The common denominator of rice farming in Asia is the small land holding, ranging from a fraction of a hectare to a maximum of 5 hectares per farmer household. In the aggregate, Asia is the major producer and consumer of rice as a staple food. World rice statistics indicate that about 92% of the world's total production of rice is produced in Asia, and it contains about 90% of the world's rice fields. An individual farmer household with a small land holding does not have the economic means to own and operate post production facilities. There are many arrangements or models followed in handling the paddy after harvest. In some countries like Vietnam they have rice farm estates where a central management group orchestrates the activities of the farmers who have their farm lots inside the estate. Management develops the infrastructure including the irrigation system, and roads, provides the technology, seeds, production inputs, and the post-production and marketing services. The farmers concentrate on crop establishment and care. In Taiwan and the Philippines, the feudal rice estates of landlords have been divided by land reform programmes and awarded to the farmer tenants. However, in Taiwan, they have succeeded in forming farmer associations to provide for the farming and post-production needs. Where no associations or central management groups exist, "small" farmers operate independently. It will be shown later, how small independent farmers tend to become subsistence farmers.

Small land-holdings require a different type and level of mechanization. Machines have been adopted where farm labour has become scarce or too expensive. But because machines require some economy of scale to be financially viable, some farmers have become entrepreneurs. They invest in farm machines such as threshers or combines and provide services to other farmers. Services are paid in kind, with a percentage of the harvest.

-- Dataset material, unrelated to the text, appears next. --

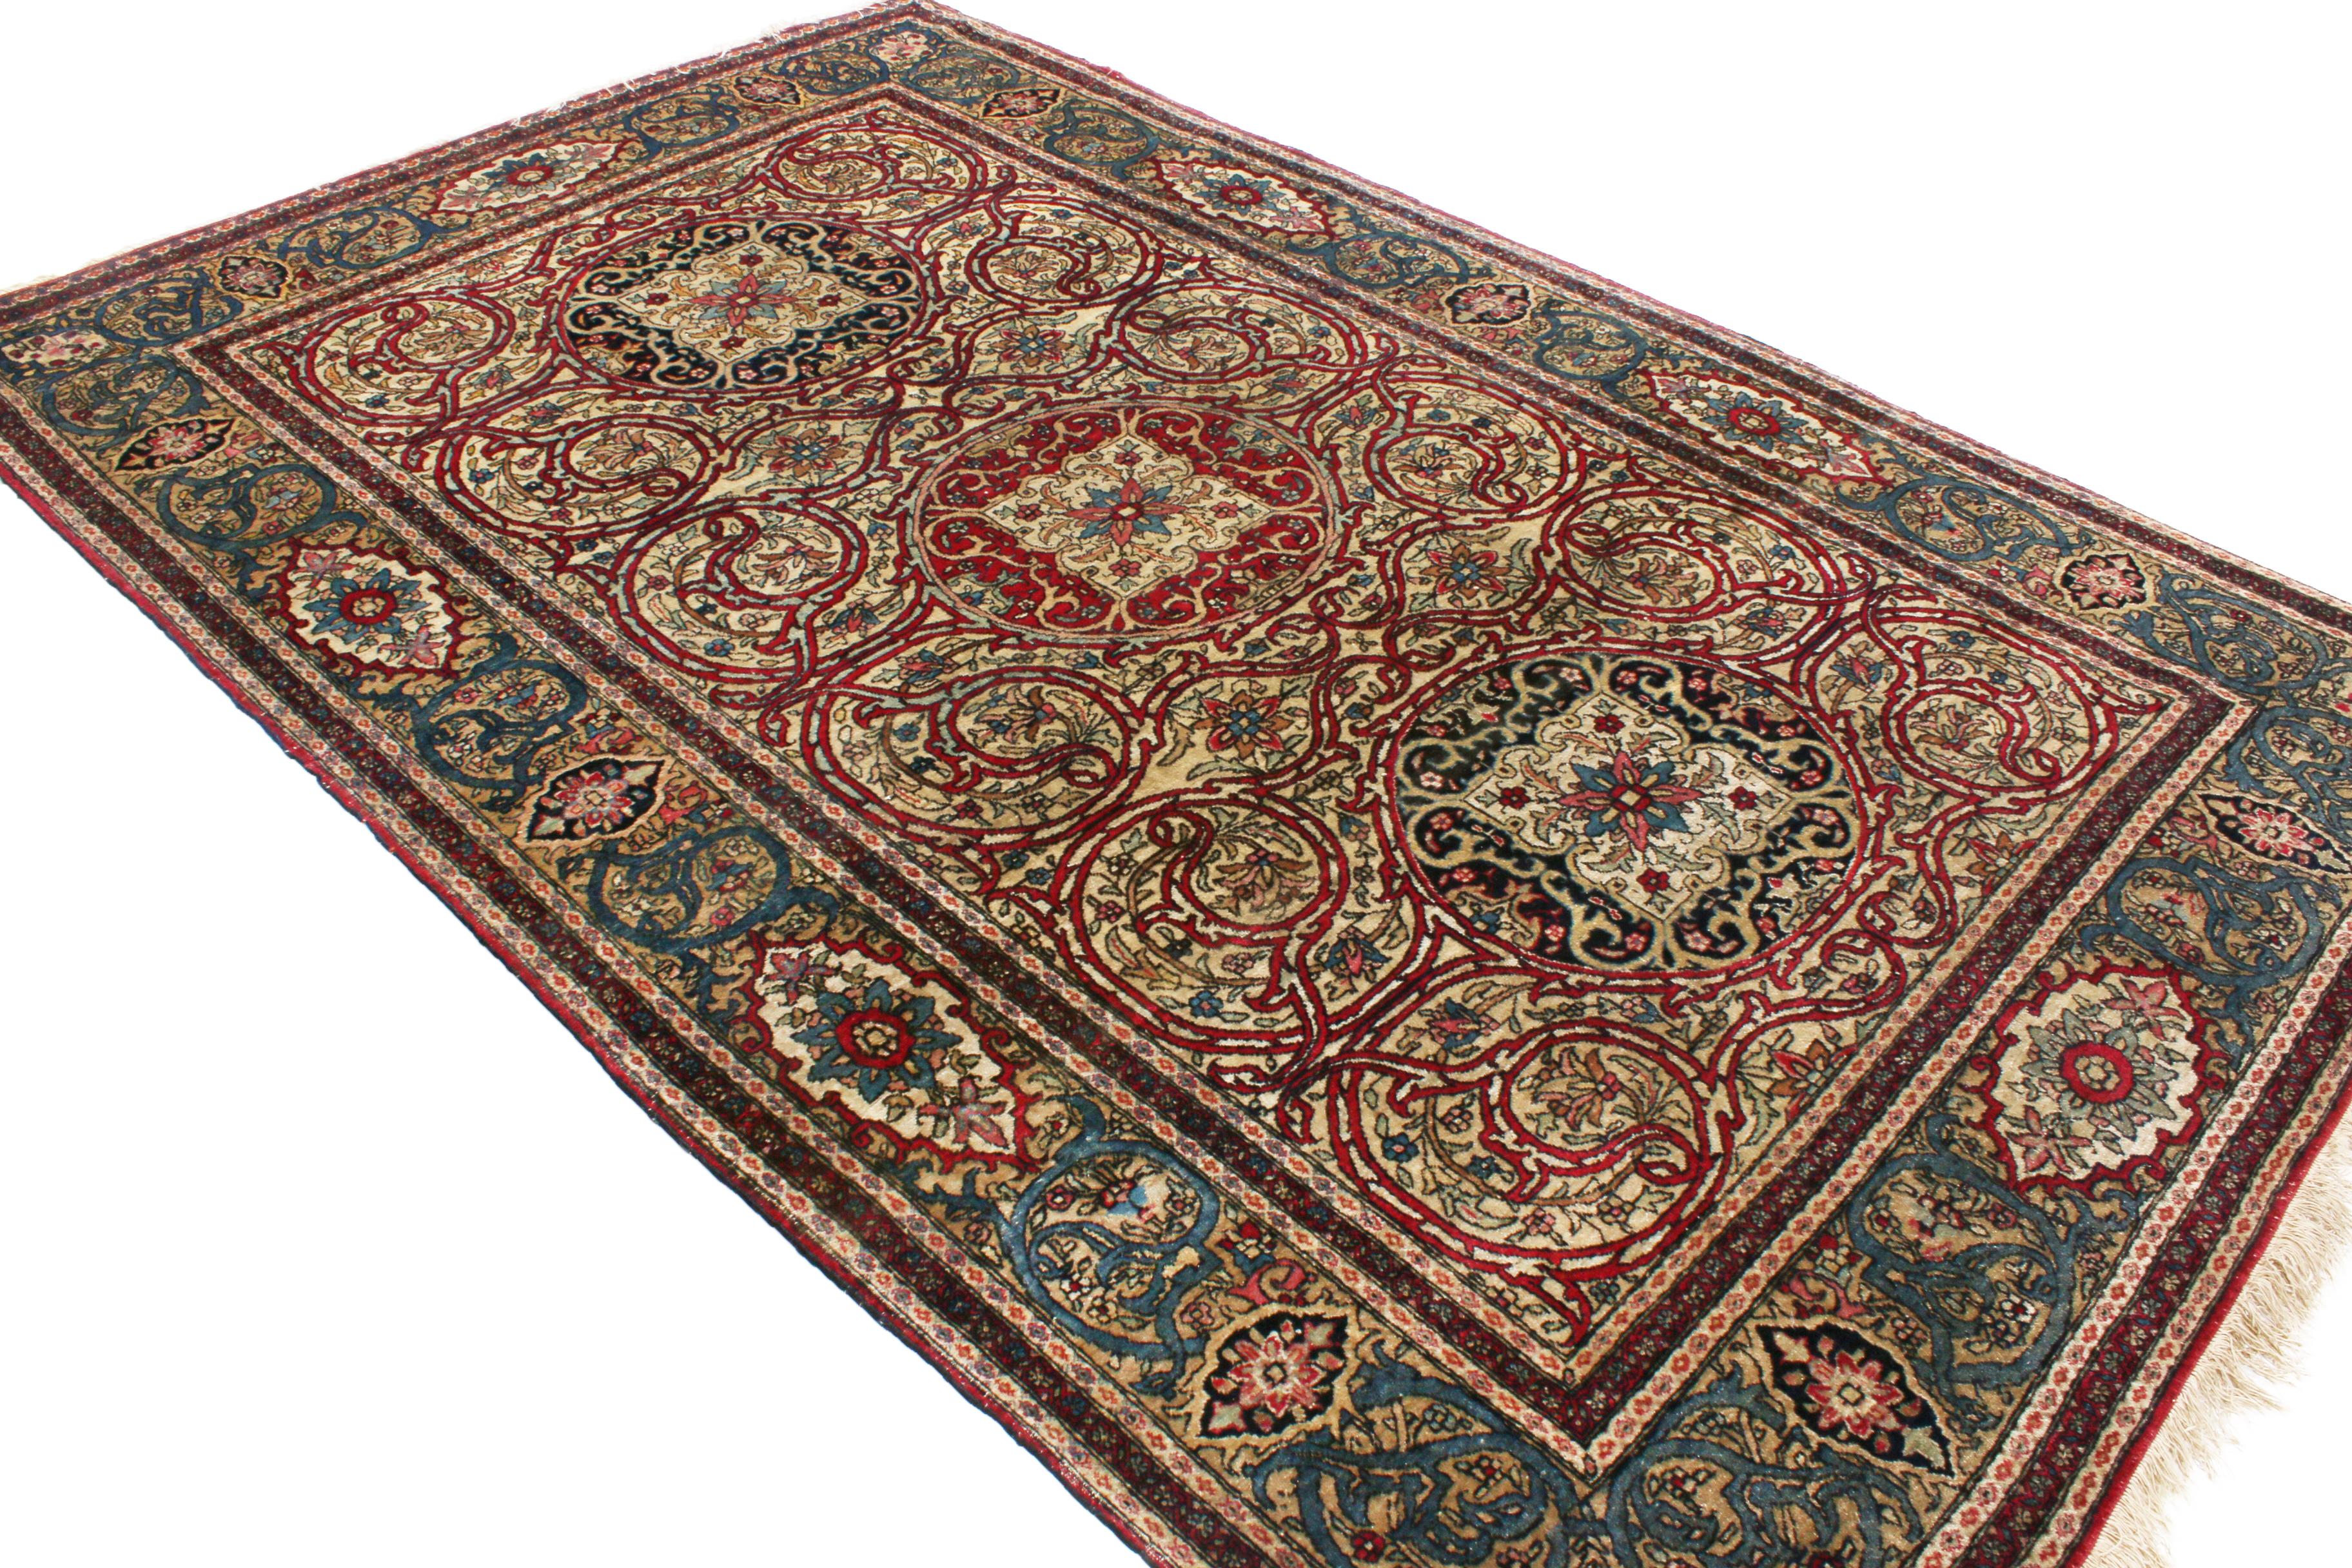 Hand-Knotted Antique Isfahan Red and Golden Beige Wool Persian Rug

Small land holdings where farmers work independently require a post-production approach different from typical Western systems. The harvested paddy comes in small batches of varying moisture content and purity. The proliferation of new crop varieties compounds the problem of grading and segregating in-coming grain. Thus large continuous flow systems designed to receive large volumes of rice of the same variety, with almost uniform moisture content, are not appropriate for Asian countries.